Lunar Orbiter 5

Courtesy of NASA's National Space Science Data Center


Launch Date: 1967-08-01
On-orbit dry mass: 385.60 kg. (850 lb.)



Lunar Orbiter 5 was designed primarily to photograph smooth areas of the lunar surface for selection and verification of safe landing sites for the Surveyor and Apollo missions. It was also equipped to collect selenodetic, radiation intensity, and micrometeoroid impact data. The spacecraft was placed in a cislunar trajectory and injected into three elliptical lunar orbits with apolunes of 6029, 6066, and 4990 kilometers (3,446, 3,769, and 3,100 miles), and perilunes 195, 100, and 99 kilometers (121, 62, and 61 miles).

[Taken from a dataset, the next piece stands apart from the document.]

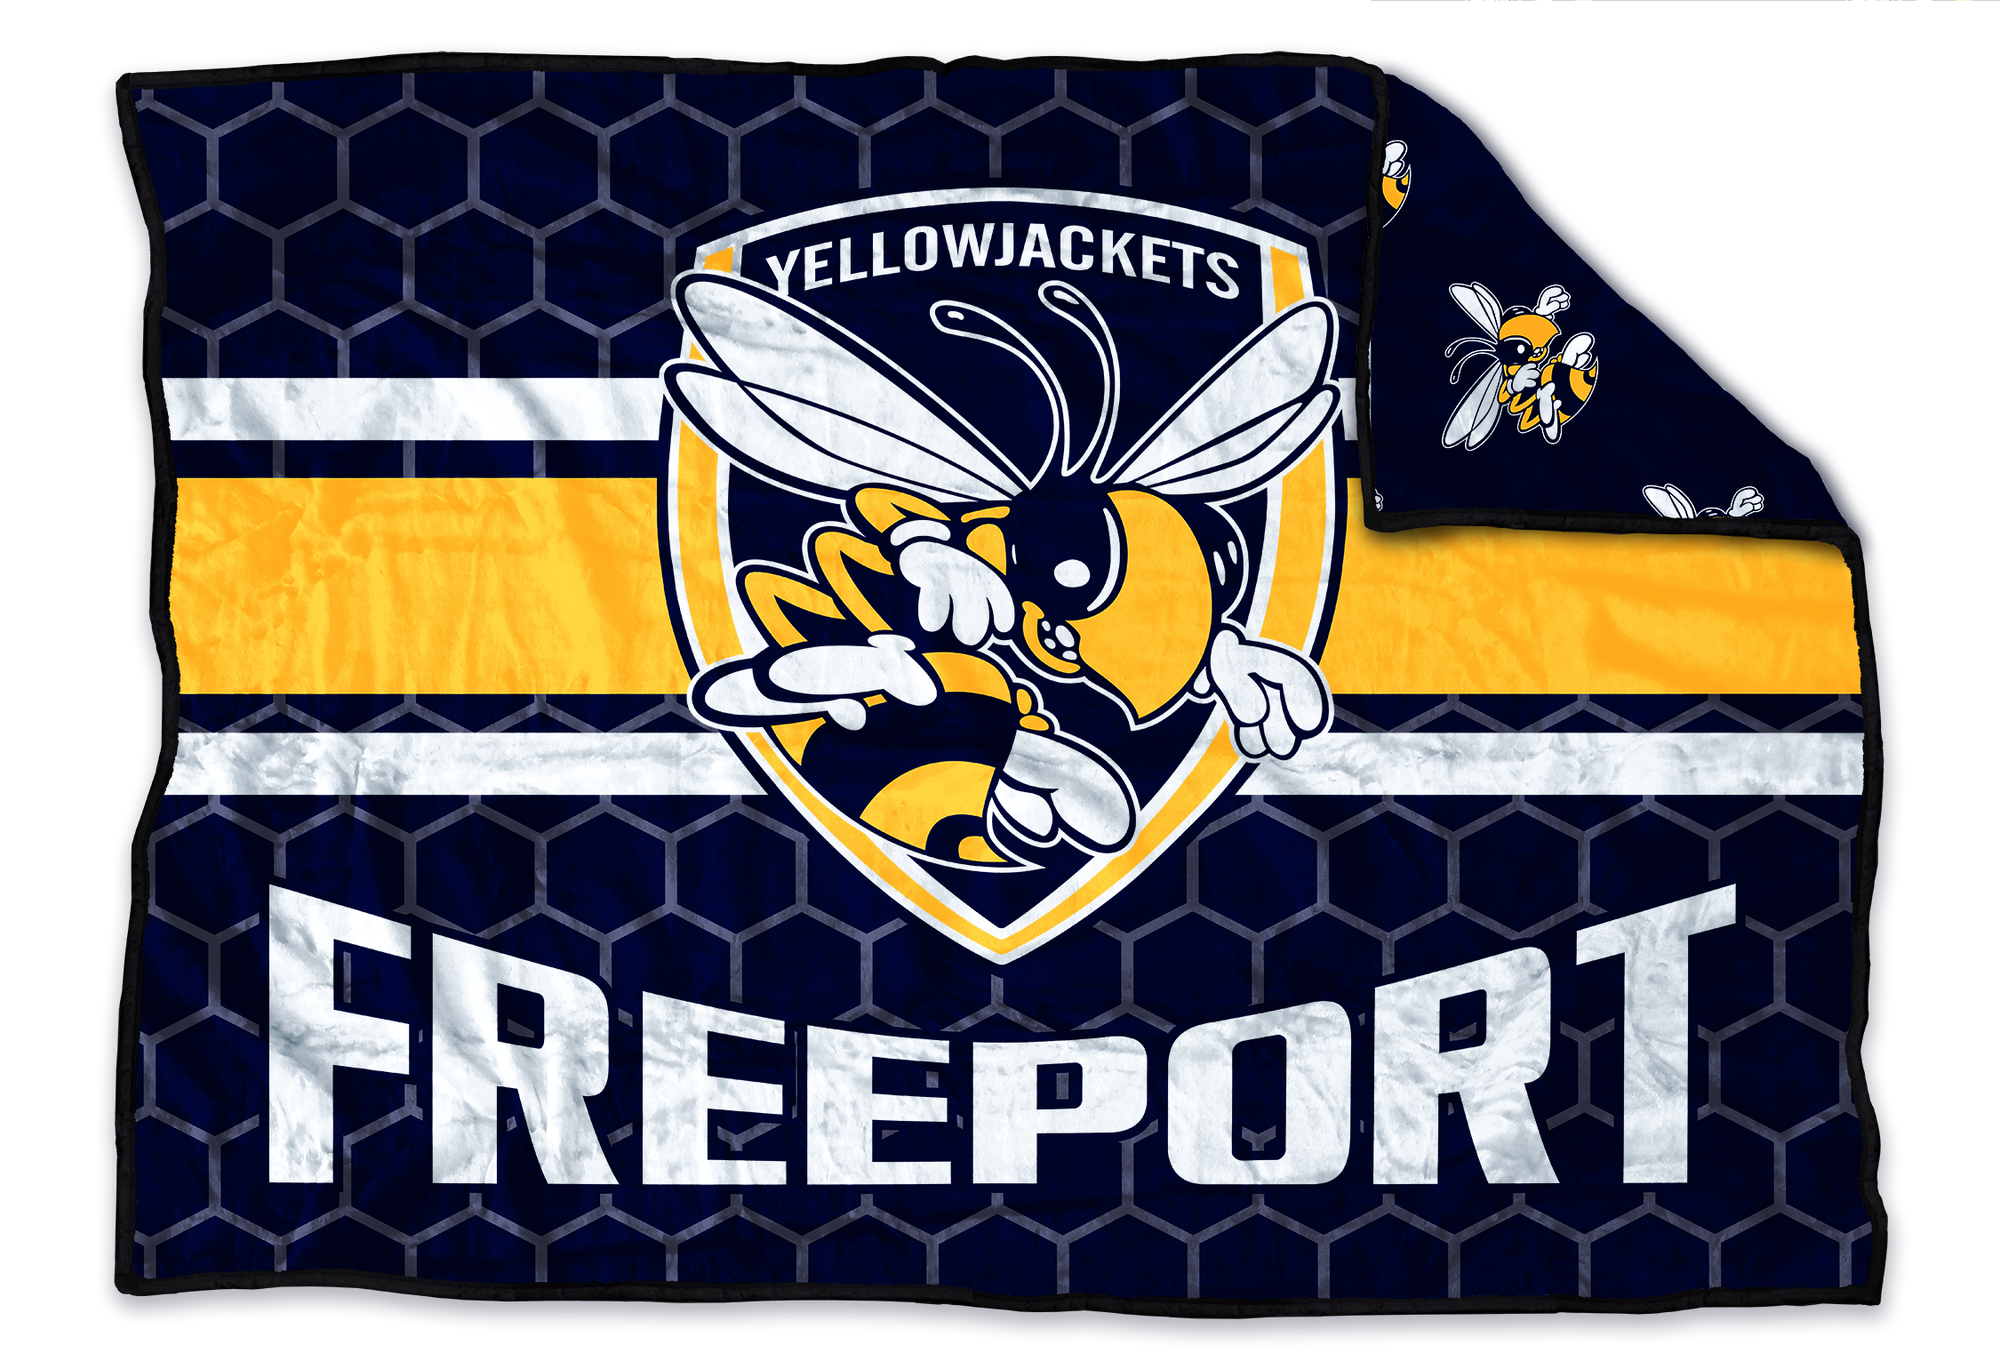 Freeport Yellowjackets
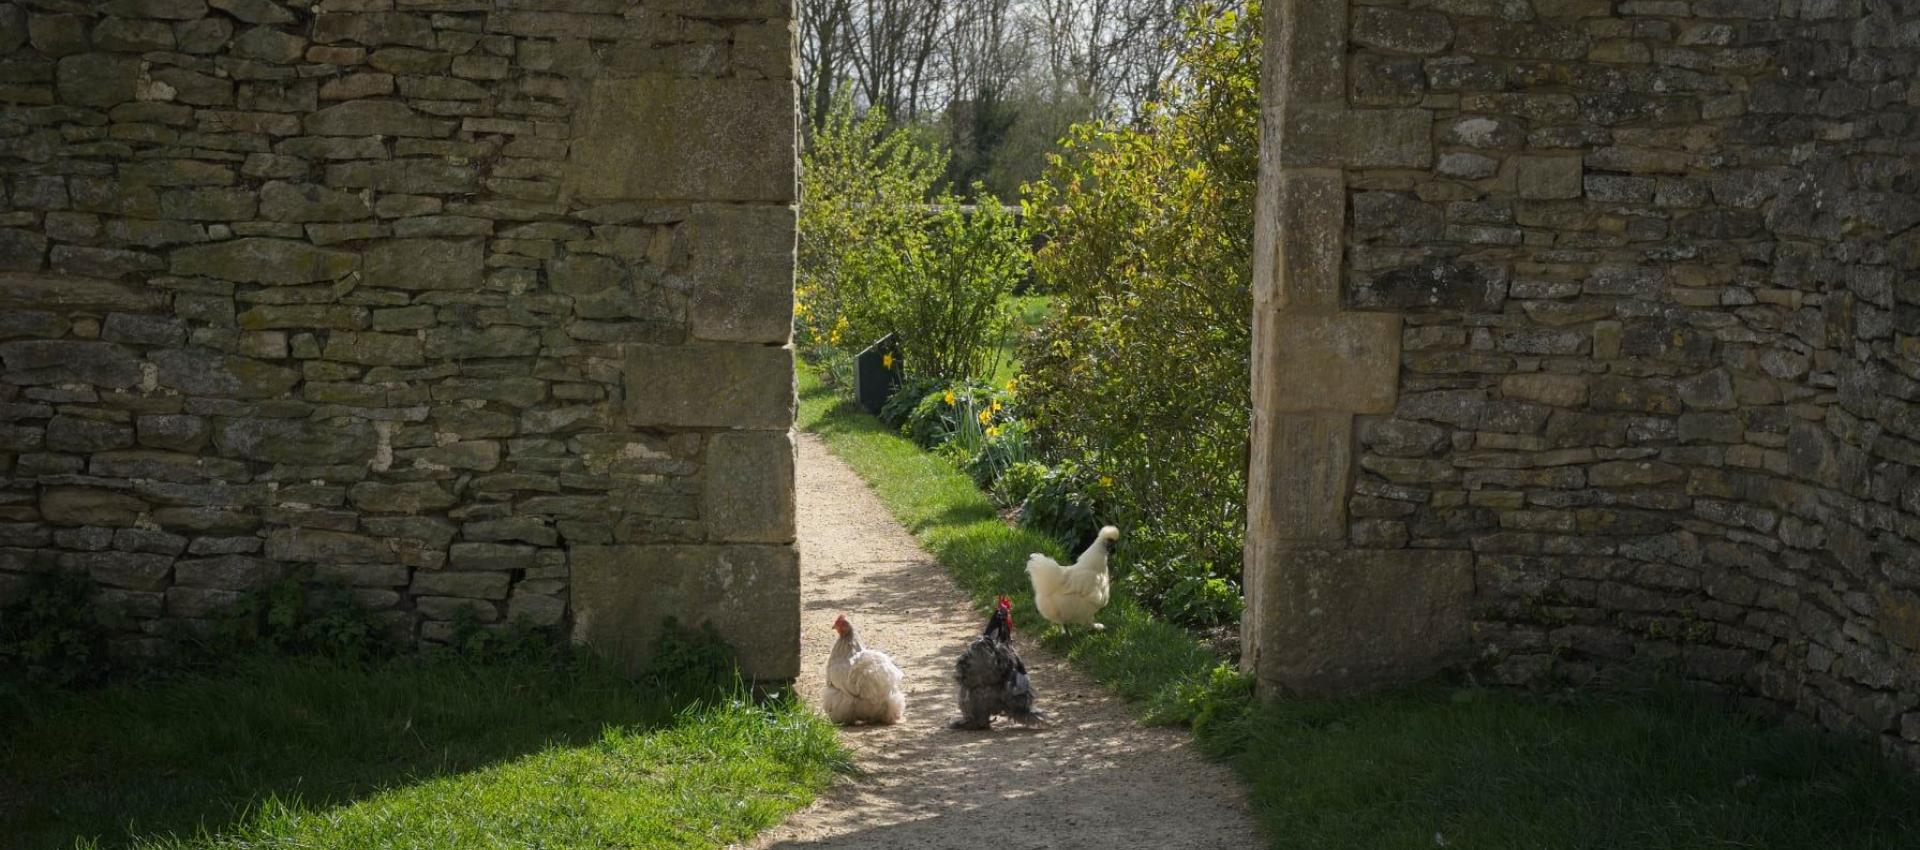 Three hens walking on a path.

It was stabilized in a three-axis orientation by using the sun and the star Canopus as primary angular references. A three-axis inertial system provided stabilization during maneuvers and when the sun and Canopus were occulted by the Moon. Communications were maintained by an S-band system, which utilized a directional and an omnidirectional antenna. The spacecraft acquired photographic data from August 6 to 18, 1967, and readout occurred until August 27, 1967. Accurate data were acquired from all other experiments throughout the mission. The spacecraft was tracked until it impacted the lunar surface on command at 2.79 degrees S latitude, 83 degrees W longitude (selenographic coordinates) on January 31, 1968.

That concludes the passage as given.